Approach for library-specific mangling compression #70

rjmccall opened this issue Nov 19, 2018 · 15 comments
Labels

Comments

@rjmccall
Copy link
Collaborator

libc++ is revising its ABI, at least for some of its clients, and is very interested in using new "catalog" substitutions for the new ABI.

Some of its clients that wish to use a new ABI also correspond to new targets, but libc++ is not suggesting that they would use target-specific mangling rules; instead, they will also be changing their versioning namespace from __1 to __2 for these clients, and so manglings will not change for any existing entities.

We should recognize that the list of "catalog" substitutions is likely to keep growing. This will surely not be the last ABI version of libc++; further, the C++ committee will surely add more entities to the standard library; and then, libc++ may only belatedly realize that a particular entity was worth compressing, such that it will only be in the catalog for ABI versions N and higher. And, of course, this catalog offer also has to be extended to other standard library implementations, and in some cases they may need to put slightly different entries in the catalog. So the cataloging work will scale by the number of implementations, and the number of ABI versions, and the size of the standard library.

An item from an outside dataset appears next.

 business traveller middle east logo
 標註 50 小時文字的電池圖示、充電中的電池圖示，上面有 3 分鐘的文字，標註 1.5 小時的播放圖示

Nevertheless, I personally feel that it's appropriate for the Itanium ABI to support a large catalog here. If we're careful about the structure of these substitutions, we can keep the costs from getting too obviously combinatorial. But I'd like to get consensus on this before encouraging libc++ to start investigating which substitutions to include.

My current thinking is that we should add this in a fairly structured way to the grammar:

  <substitution>   ::= S <library-vendor> <library-version number> <library-entity>

  <library-vendor> ::= c     # libc++
  etc.

  <library-entity> ::= s     # lib::basic_string<char, lib::char_traits<char>, lib::allocator<char>>
  <library-entity> ::= up    # lib::unique_ptr
  etc.

with the expectation that there's an ad hoc rule for turning a combination of a library vendor and version into a namespace. Manglers and demanglers then only need to know three things:

  • the mapping of library-entities to/from relative entities within the library namespace,
  • the mapping of a particular vendor+version to/from a particular library namespace, and
  • the set of library-entities that are substituted in any particular vendor+version.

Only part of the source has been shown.